Given Kim Jong Un's dangerously weak position in the party and military, it's unsurprising that he has rattled his sabers on the Korean Peninsula. He is attempting to shore up his position with the military and convince North Koreans that they need him as a shield against mortal dangers. He has to be a warmonger for domestic consumption. But how much can he maintain this role without stumbling into a real shooting war with South Korea? He has already overstepped several times, including testing a nuclear device and launching ballistic missiles. We do not know whether he is being guided by military and party officials or is just pushing forward in a way that highlights his deep inexperience.

Patrimonial or personalized regimes are profoundly vulnerable in times of stress. They depend on patronage and personal loyalty, both of which can vanish if people perceive the ruler as weak.

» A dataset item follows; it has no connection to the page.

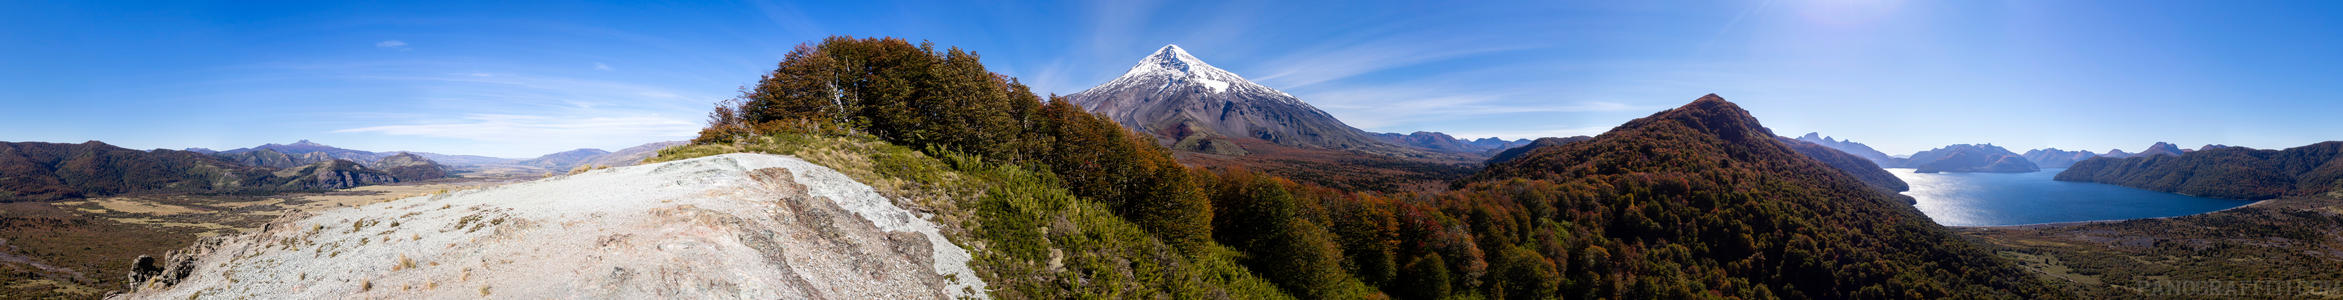 Volcano Lanin in 360 from Lago Tromen Lookout - An immersive view of the autumn forest surrounding a lookout point for volcano Lanin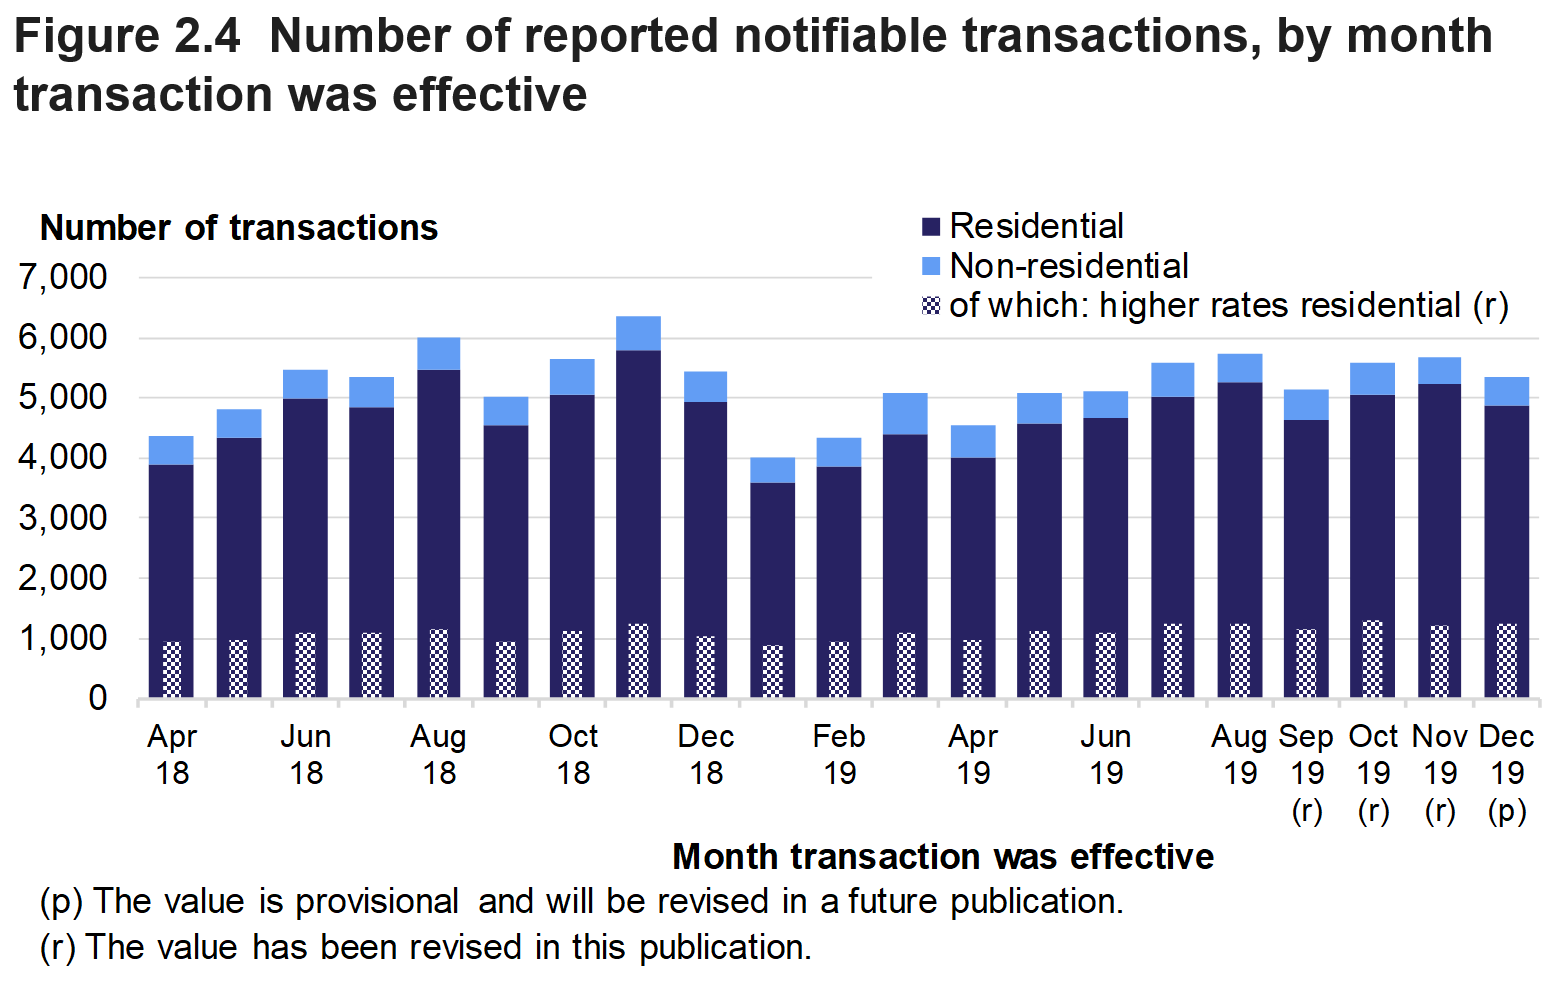 Figure 2.4 shows the monthly numbers of reported notifiable transactions from April 2018 to December 2019, for residential and non-residential transactions.

Such regimes therefore often overreact to provocations, suffer defections, and fall to revolution or rebellion, as they lack the strength of party-based and military-based regimes.

Even before the current troubles, the position of Kim's government in North Korea was weakening. Cell phones have brought in news of the outside world and of the prosperity of the neighbors to the south. China has grown impatient with supporting an economically failing regime, prone to recurrent famines due to its insanely rigid non-market economy. China has been urging Pyongyang to adopt economic reforms while keeping a firm grasp on political affairs, but North Korea has resisted -- its leaders know that if they try to win people's support by promising economic growth, South Korea wins that game hands down.

The one card that Kim can play to keep himself and his party in power is fear. We should not be surprised that he aims to keep his country on the edge of war, raises fears of international alliances against his country, and indulges in ever more military tests. But if these domestically motivated maneuvers create threats that the rest of the region cannot tolerate, a real shooting war could arise.

Kim's position is weak. If he starts a war, North Korea is certain to lose, and it is likely that his government will be overthrown. But his inexperience is such that he may, like Bashar al-Assad, blunder into a war without intending to -- destroying his own country in the process.